We can format errors with the error handler.

For example, we can write:

var restify = require('restify');
var errors = require('restify-errors');

var server = restify.createServer();

server.get('/hello/:foo', function(req, res, next) {
  var err = new errors.InternalServerError('not found');
  return next(err);
});

server.on('InternalServer', function (req, res, err, cb) {
  err.toString = function() {
    return 'an internal server error occurred!';
  };

  err.toJSON = function() {
    return {
      message: 'an internal server error occurred!',
      code: 'error'
    }
  };

  return cb();
});

server.on('restifyError', function (req, res, err, cb) {
  return cb();
});

server.listen(8080);

We have the InternalServer handler with the toString and toJSON methods to format string and JSON errors.

The restifyError error handler has the error handler.

Also, we can create formatters for other content types.

For example, we can write:

var restify = require('restify');
var errors = require('restify-errors');

const server = restify.createServer({
  formatters: {
    ['text/html'](req, res, body) {
      if (body instanceof Error) {
        return `<html><body>${body.message}</body></html>`;
      }
    }
  }
});

server.get('/', function(req, res, next) {
  res.header('content-type', 'text/html');
  return next(new errors.InternalServerError('error!'));
});

server.listen(8080);

to create a content formatter for the text/html content type.

restify-errors

The restify-errors module exposes a suite of error constrictors for many common HTTP requests and REST related errors.

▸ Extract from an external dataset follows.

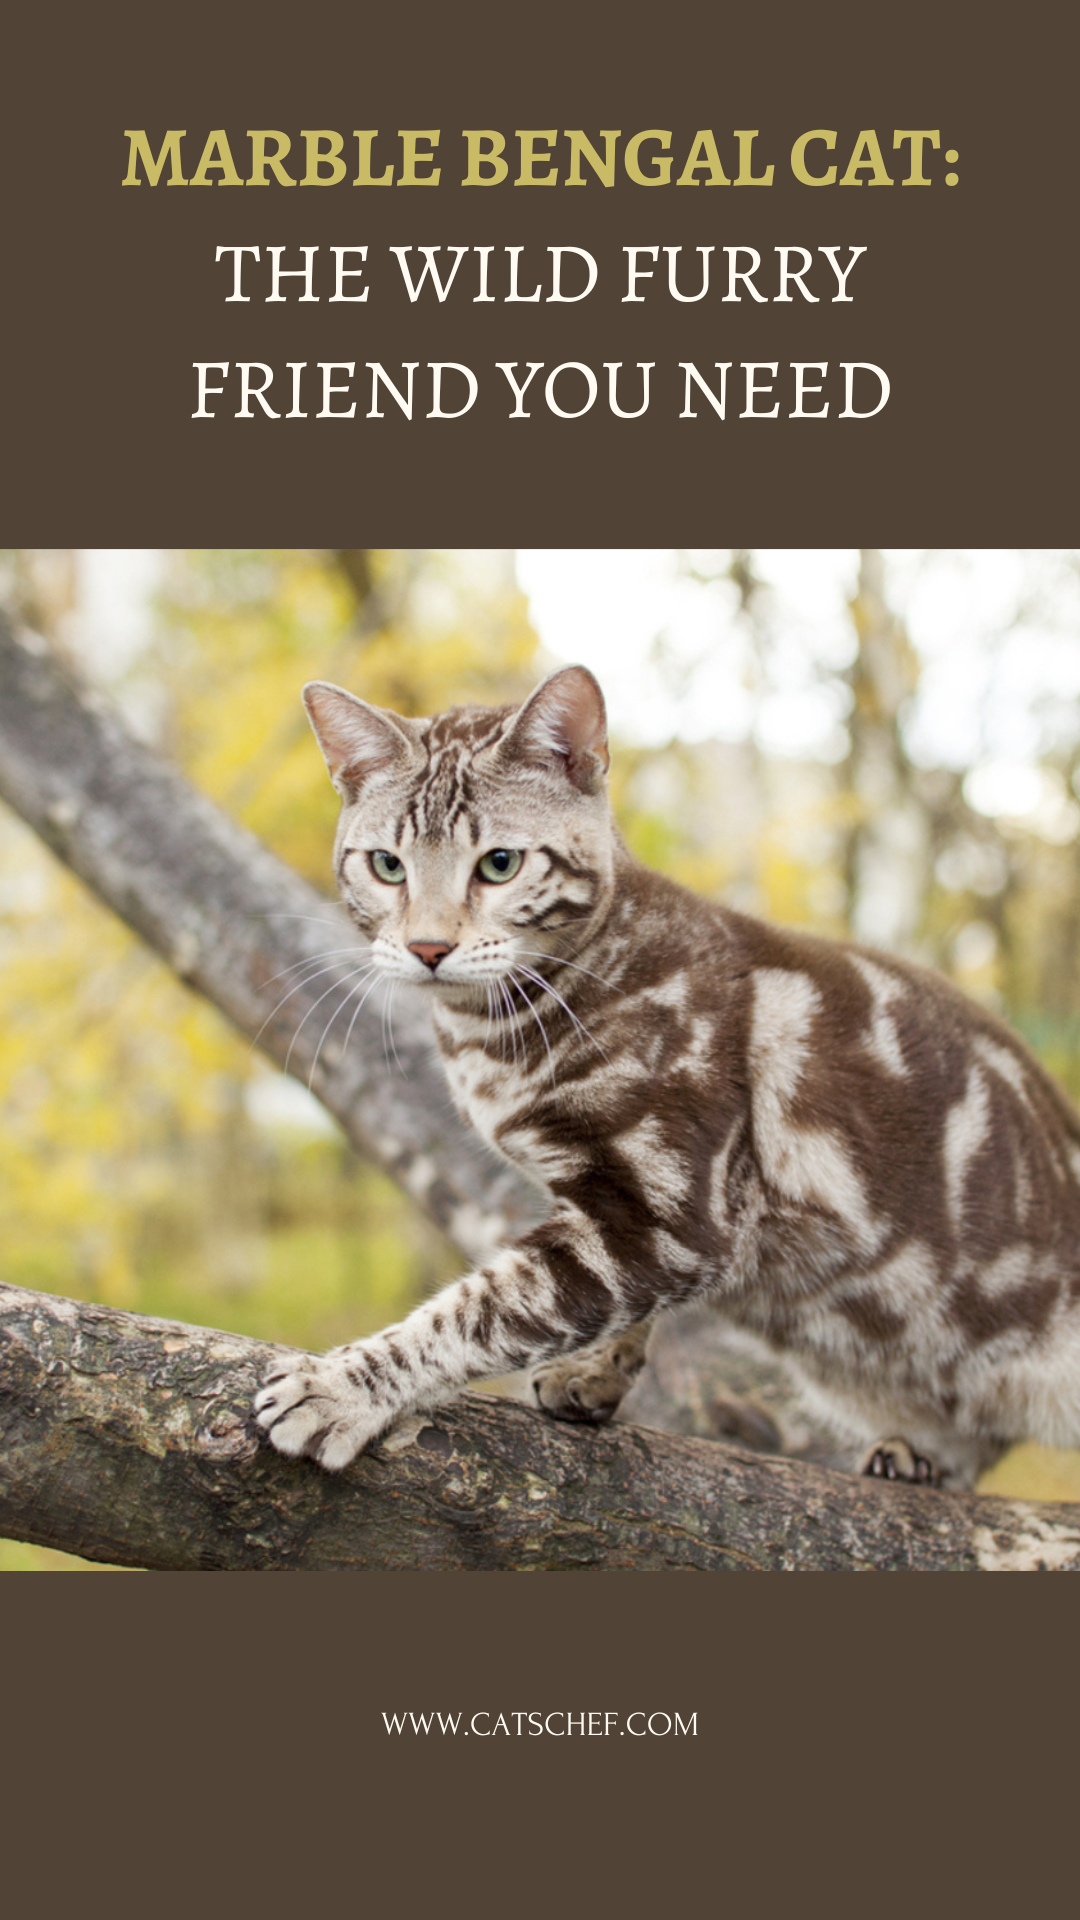 Marble Bengal Cat: The Wild Furry Friend You Need

For example, we can create errors by writing:

var restify = require('restify');
var errors = require('restify-errors');

const server = restify.createServer();

server.get('/', function(req, res, next) {
  return next(new errors.ConflictError("conflict"));
});

server.listen(8080);

Then when we go to http://localhost:8080 , we get:

{"code":"Conflict","message":"conflict"}

We can also pass in Restify errors as an argument of res.send .

For example, we can write:

var restify = require('restify');
var errors = require('restify-errors');

const server = restify.createServer();

server.get('/', function(req, res, next) {
  res.send(new errors.GoneError('gone'));
  return next();
});

server.listen(8080);

We pass in the GoneError instance into the res.send method.

Then when we go to http://localhost:8080 , we get:

{"code":"Gone","message":"gone girl"}

The automatic serialization to JSON is done by calling JSON.stringify on the Error object.

They all have the toJSON method defined.

If the object doesn’t have the toJSON method defined, then we would get an empty object.

HttpError

HttpError is a generic HTTP error that we can return with the statusCode and body properties.

The statusCode will be automatically set with the HTTP status code, and the body will be set to the message by default.

All status codes between 400 error 500s are automatically be converted to an HttpError with the name being in PascalCase and spaces removed.

RestError

Restify provides us with built it errors with the code and message properties/

For example, if we have:

var restify = require('restify');
var errors = require('restify-errors');

const server = restify.createServer();

server.get('/', function(req, res, next) {
  return next(new errors.InvalidArgumentError("error"));
});

server.listen(8080);

Any 400 or 500 series errors can be created with restify-errors .

Conclusion

We can create error objects with restify-errors .

They’ll be automatically be serialized into JSON if we use it in our response.